- **PROBLEM DETAILS**
Restate the listing that follows word for word, without its pictures.
[[ COLLECTED MATERIAL, beginning ]]
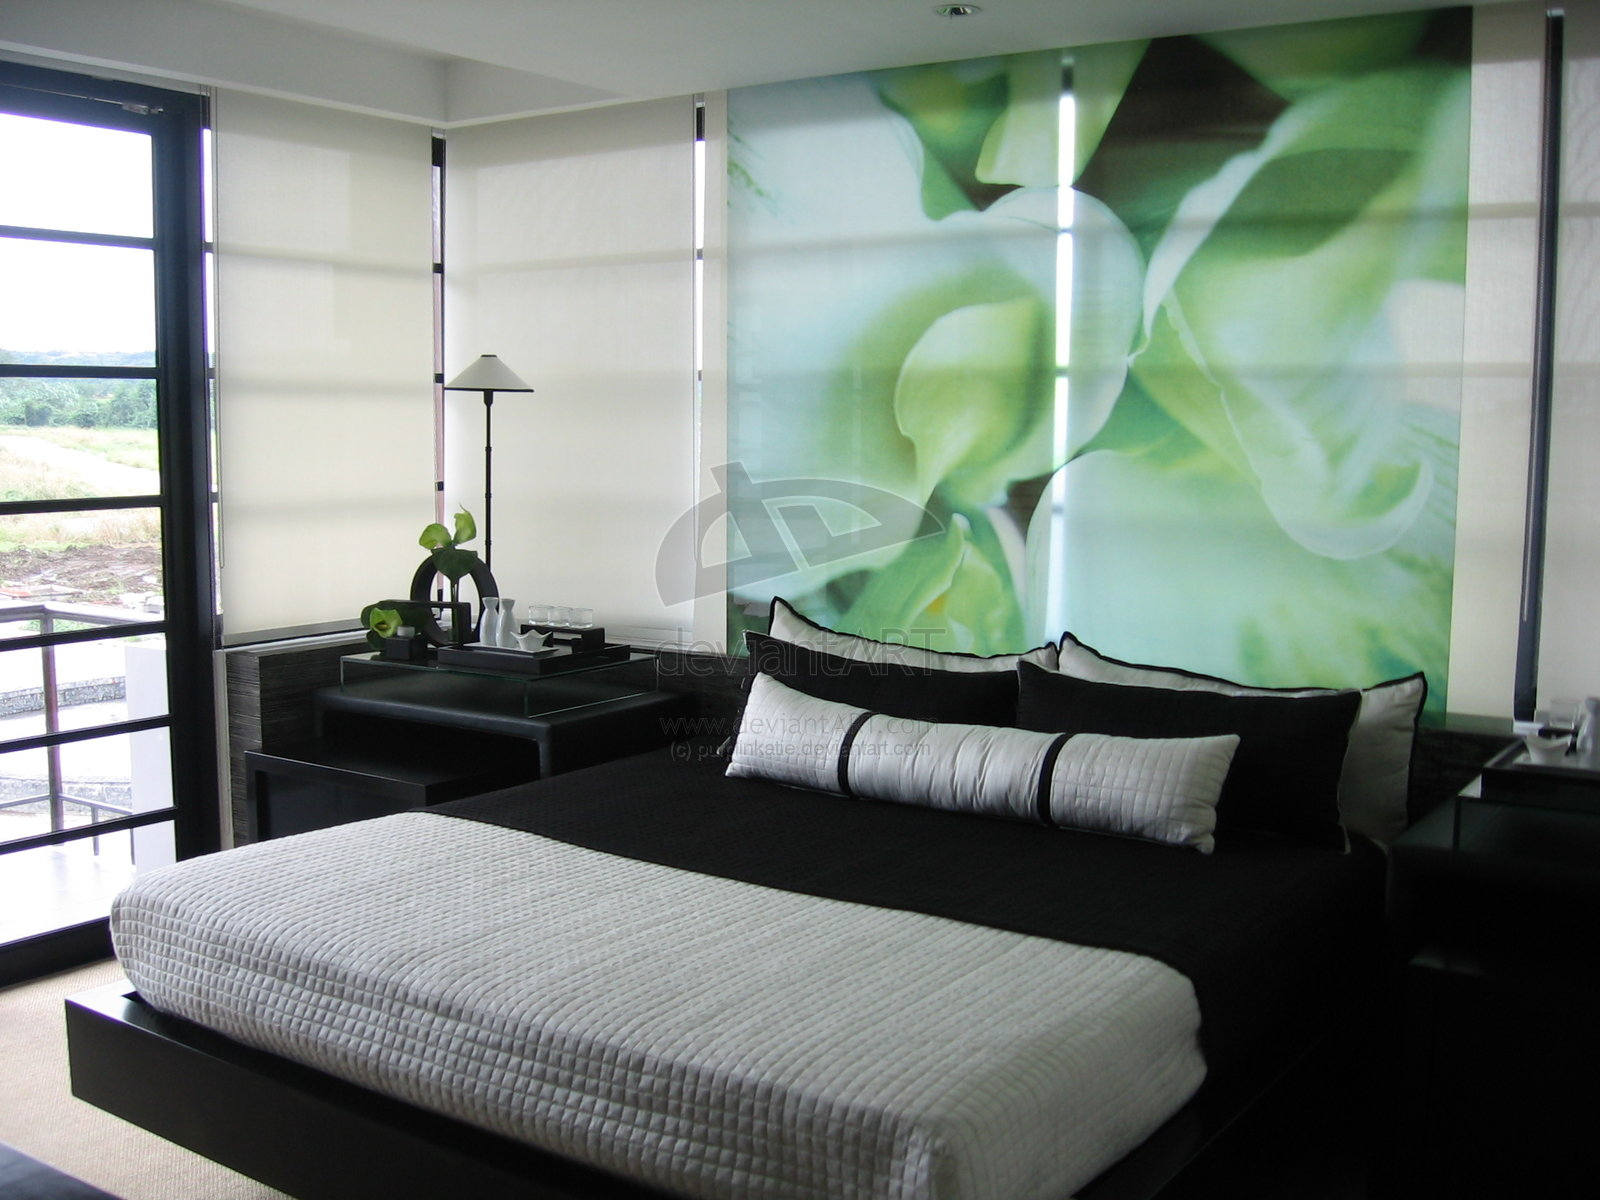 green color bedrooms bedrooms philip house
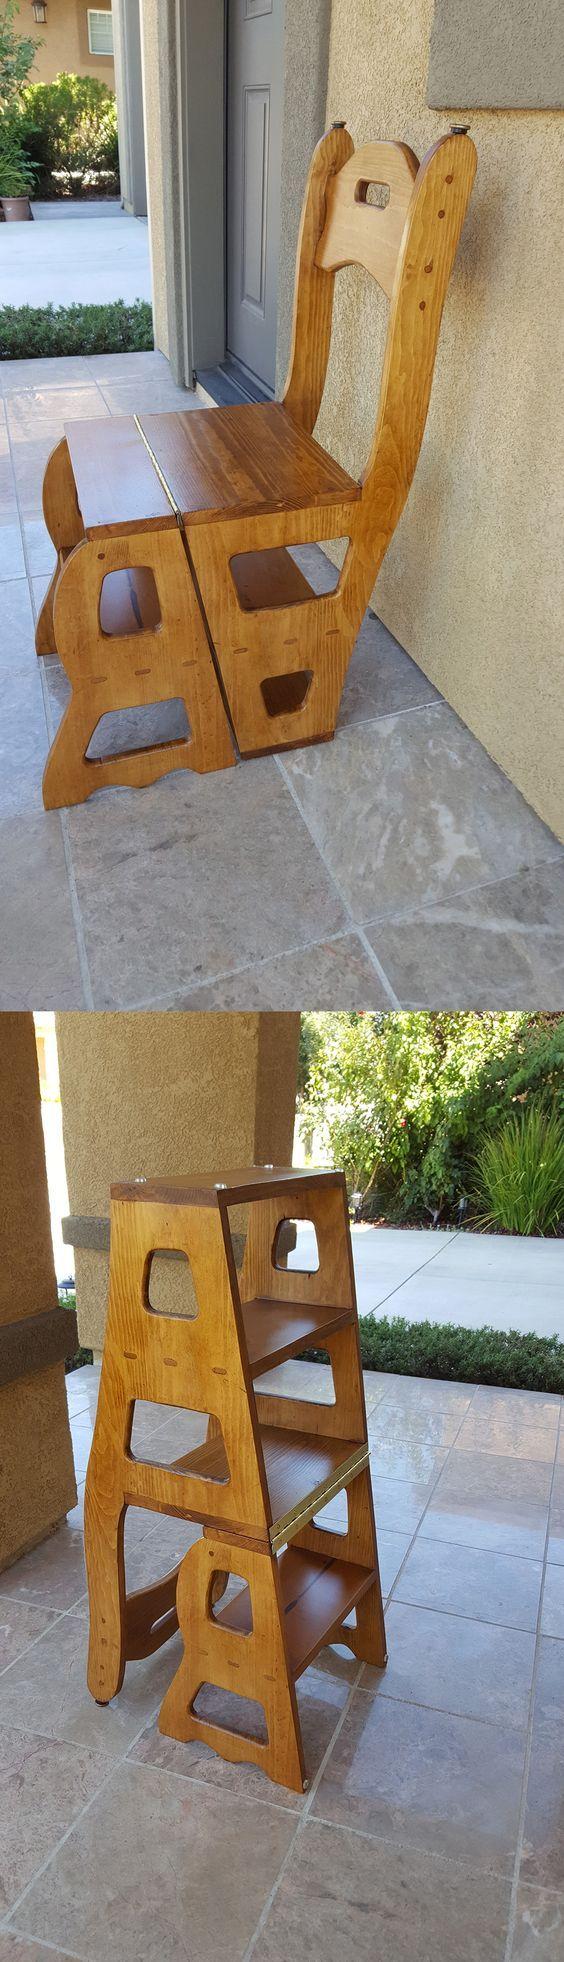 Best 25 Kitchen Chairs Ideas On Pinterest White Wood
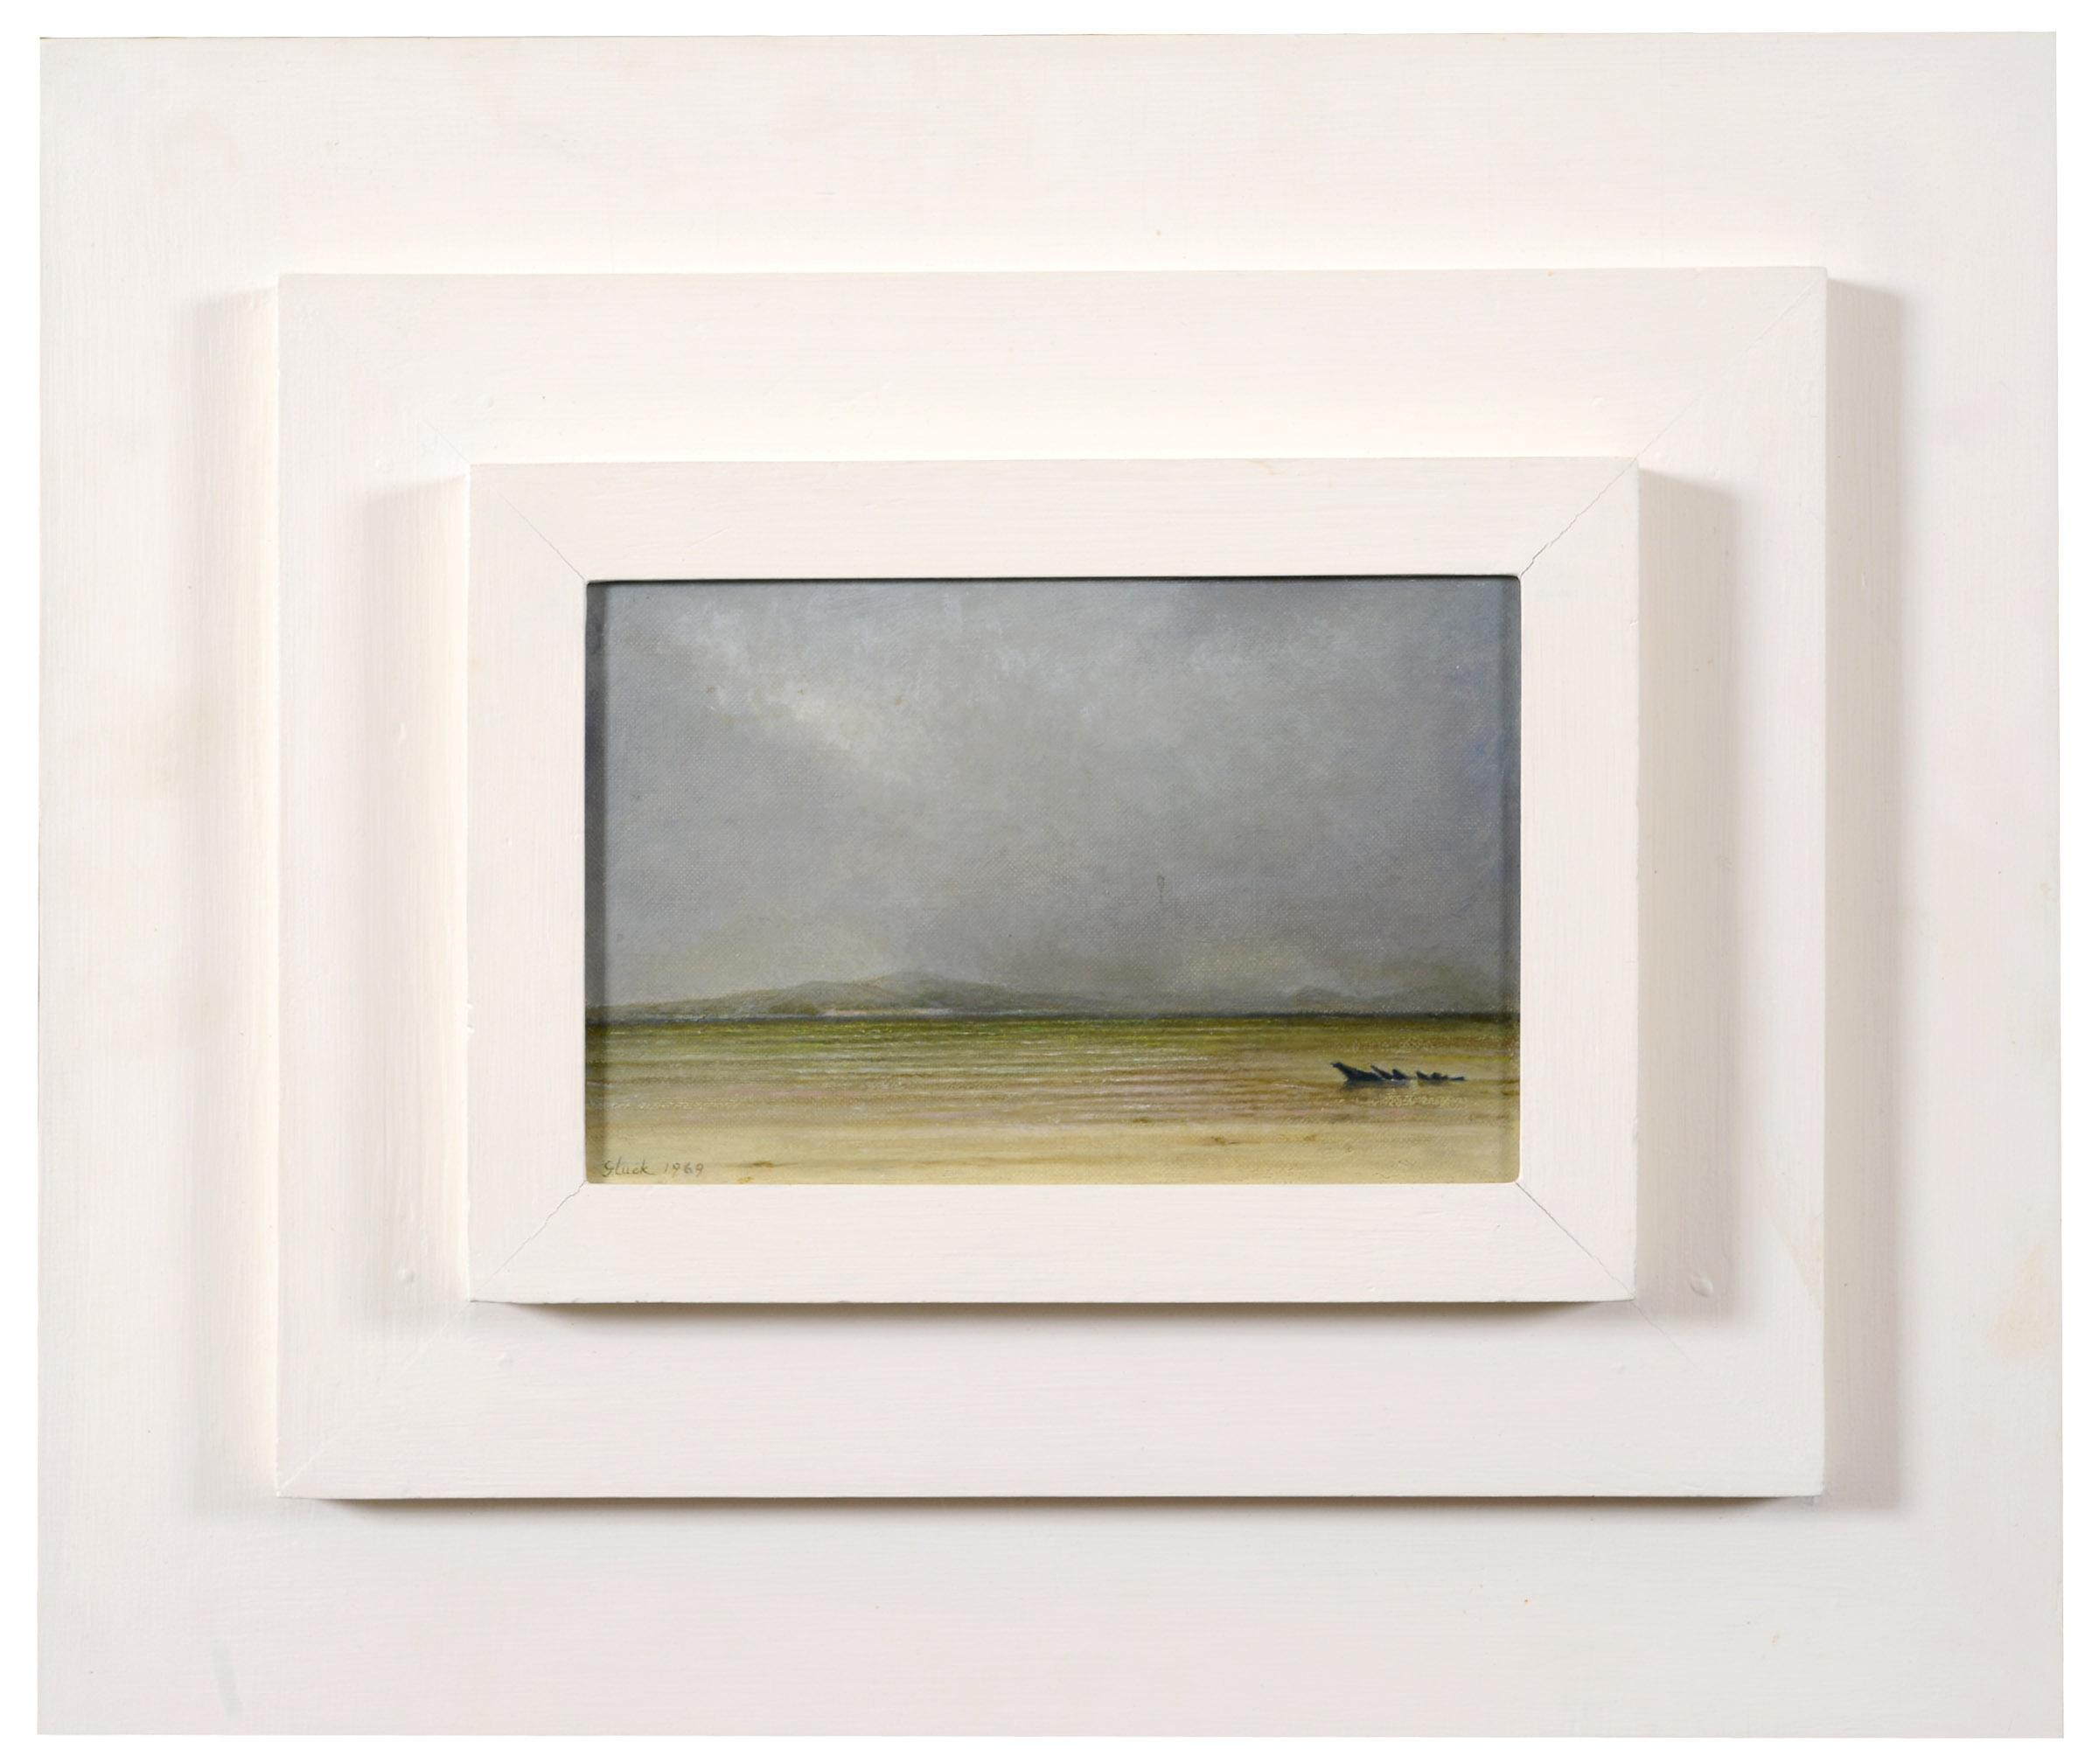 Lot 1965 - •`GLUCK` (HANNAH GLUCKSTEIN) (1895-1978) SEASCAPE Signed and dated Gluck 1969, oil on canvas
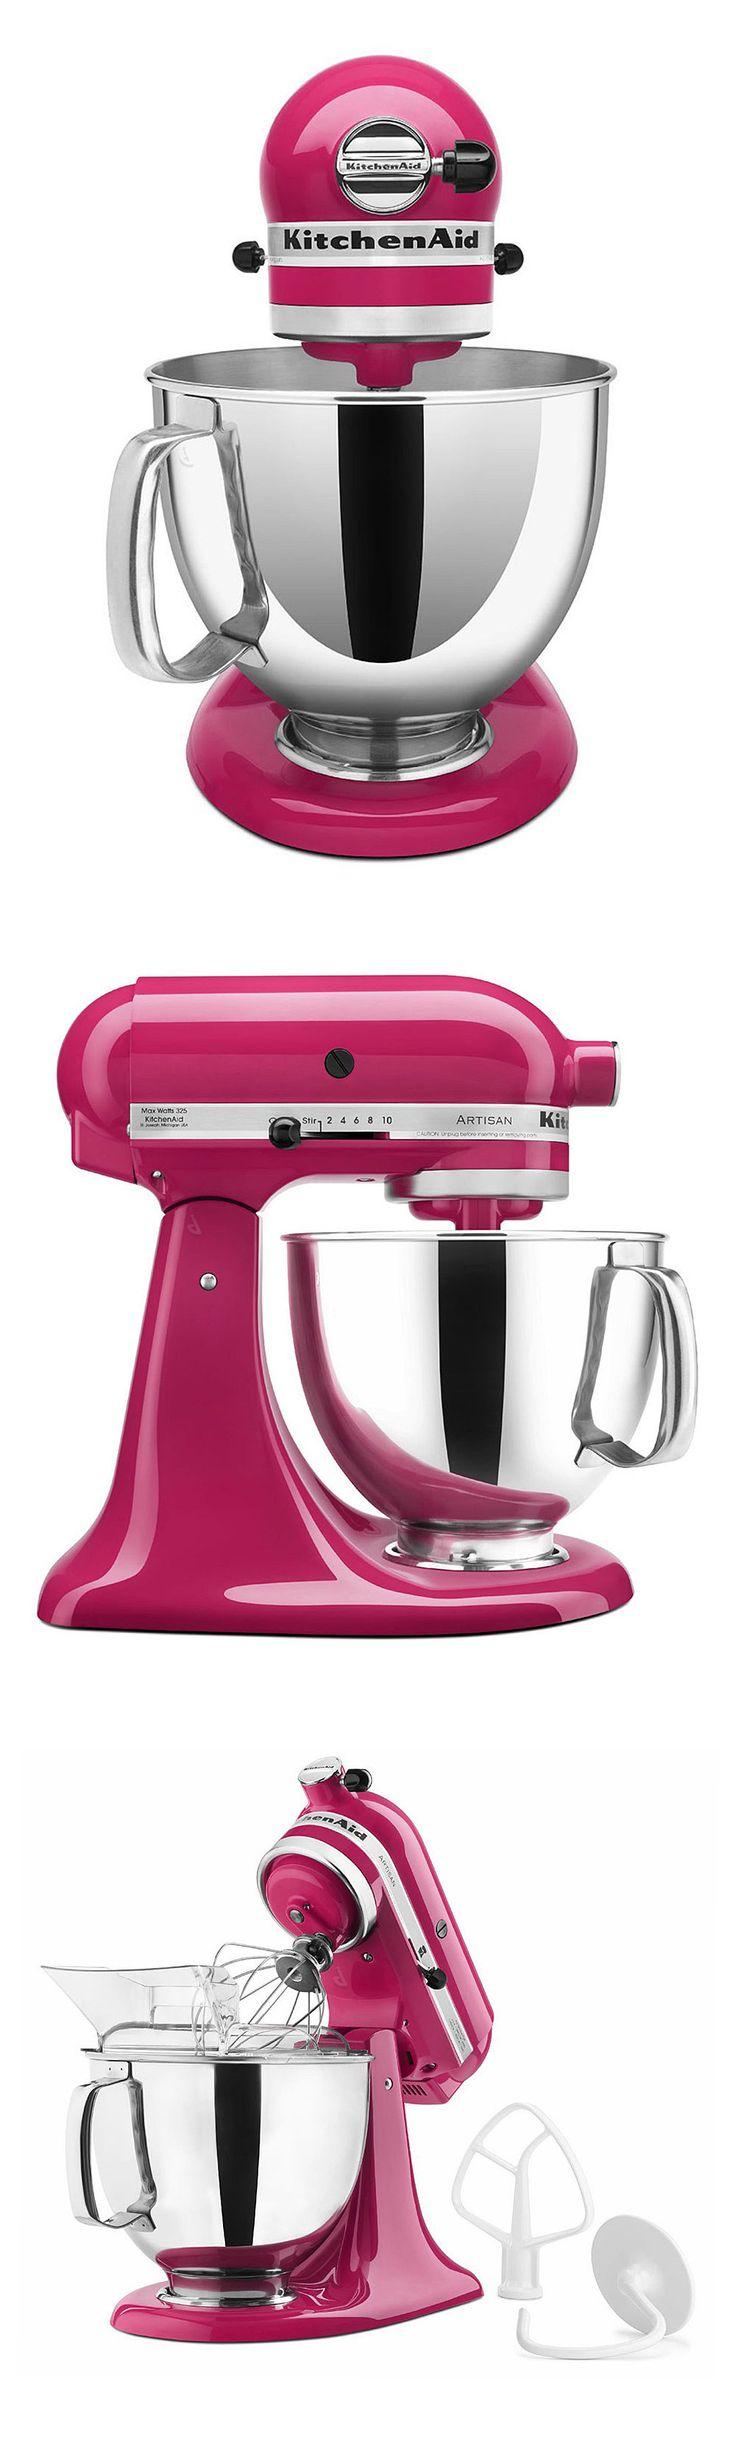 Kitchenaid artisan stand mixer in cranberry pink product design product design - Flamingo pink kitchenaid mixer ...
[[ COLLECTED MATERIAL, end ]]
- **RESPONSE TO THE EXERCISE**
 green color bedrooms bedrooms philip house
 Best 25 Kitchen Chairs Ideas On Pinterest White Wood
 Lot 1965 - •`GLUCK` (HANNAH GLUCKSTEIN) (1895-1978) SEASCAPE Signed and dated Gluck 1969, oil on canvas
 Kitchenaid artisan stand mixer in cranberry pink product design product design - Flamingo pink kitchenaid mixer ...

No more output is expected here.